In the Divine Service, the Lord’s Prayer typically falls within the Service of the Sacrament, but if Holy Communion is not celebrated, then we pray the Lord’s Prayer immediately after the Prayer of the Church.  If it comes after the Prayer of the Church, our Lord’s words sum up all of our prayers and gather all things which we have not spoken, or even what we have forgotten.  Nothing is neglected in the prayer that Jesus has given us, which not only gives us an outline for our own prayers, but gives us words when we have none of our own.  There are moments when all words dry up on our lips and this prayer becomes our lifeline to the Father, since Jesus Himself has taught us to pray with Him, “Our Father….”

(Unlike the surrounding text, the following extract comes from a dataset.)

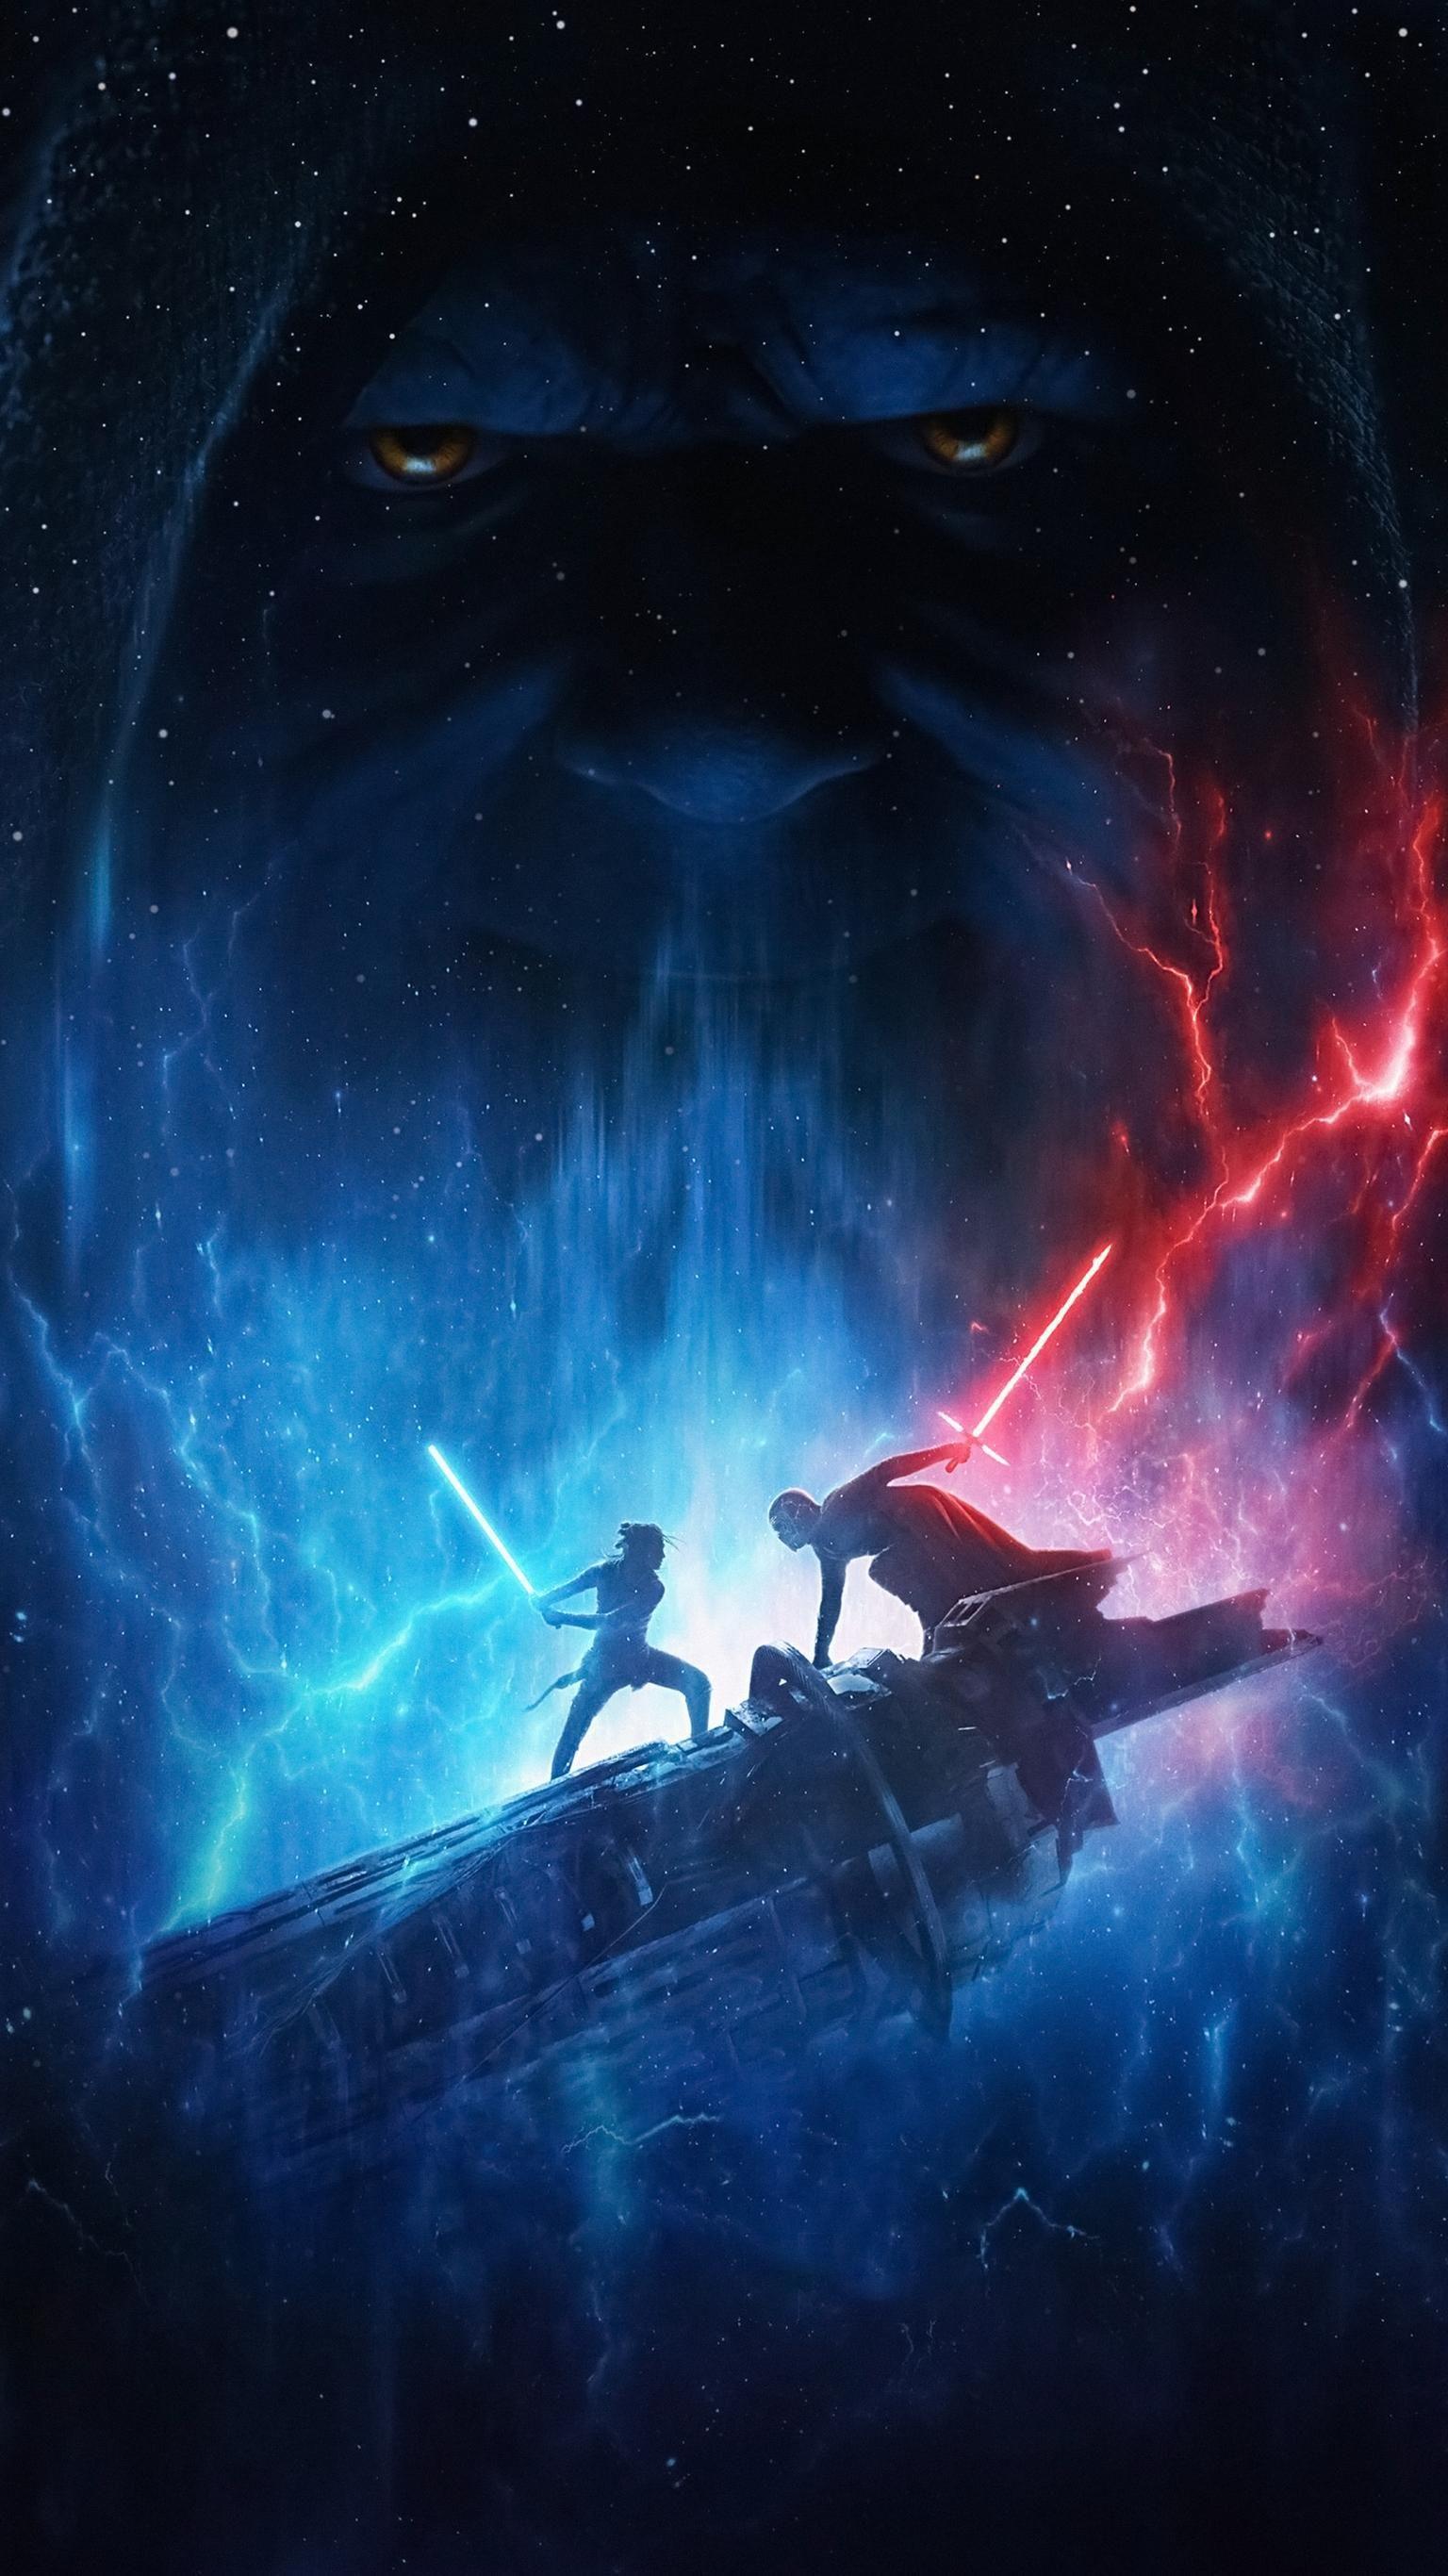 Star Wars Skywalker Art Wallpapers Wallpaper Cave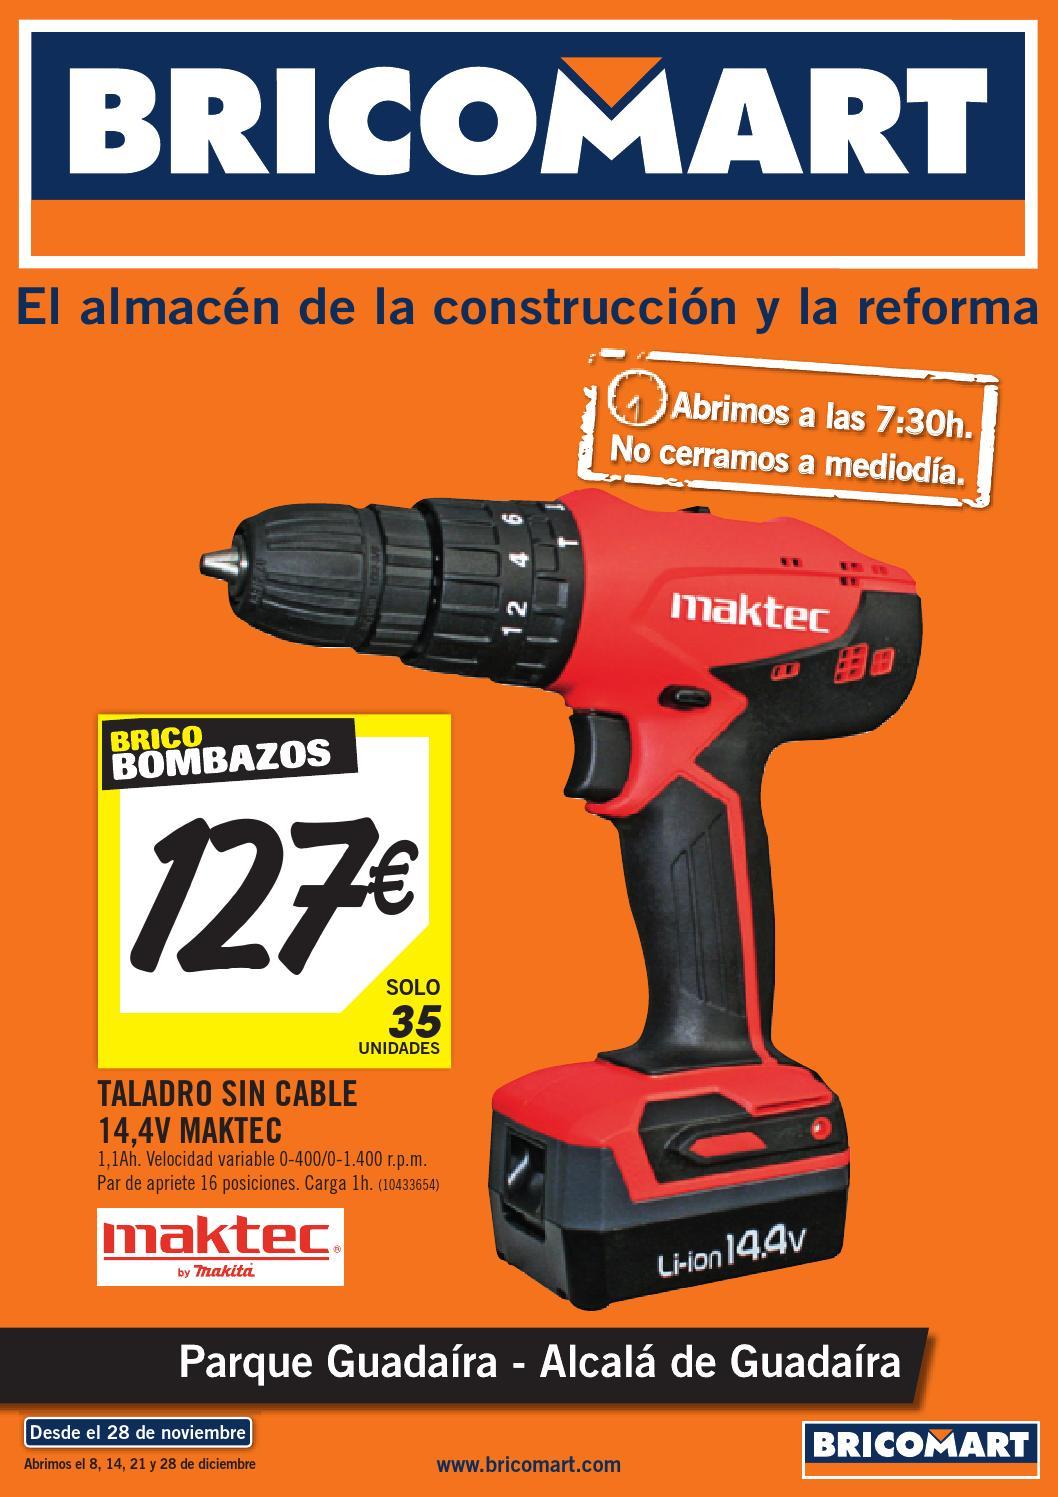 Bricomart folleto sevilla alcala guadaira 24 11 2014 by - Puertas plegables bricomart ...

This aspect of the Lord’s Prayer-that it gives us an outline for what we say and do-can be applied to the whole liturgy.  What can you say in the face of unspeakable tragedy?  Often, I find my mouth saying, “Lord, have mercy; Christ, have mercy; Lord, have mercy.”  What words of our own can be better as a song of praise than, “Glory to God in the highest!”  Confronted with our sin and finding the mercy of God bigger than that sin, can we find more fitting words than, “Create in me a clean heart, O God, and renew a right spirit within me.  Cast me not away from Thy presence, and take not Thy Holy Spirit from me.  Restore unto me the joy of Thy salvation, and uphold me with Thy free spirit”?  And at the side of a dying Christian or on our own deathbed, there is little comfort greater than the words of Simeon: “Lord, now lettest Thou Thy servant depart in peace according to Thy word, for mine eyes have seen Thy salvation.”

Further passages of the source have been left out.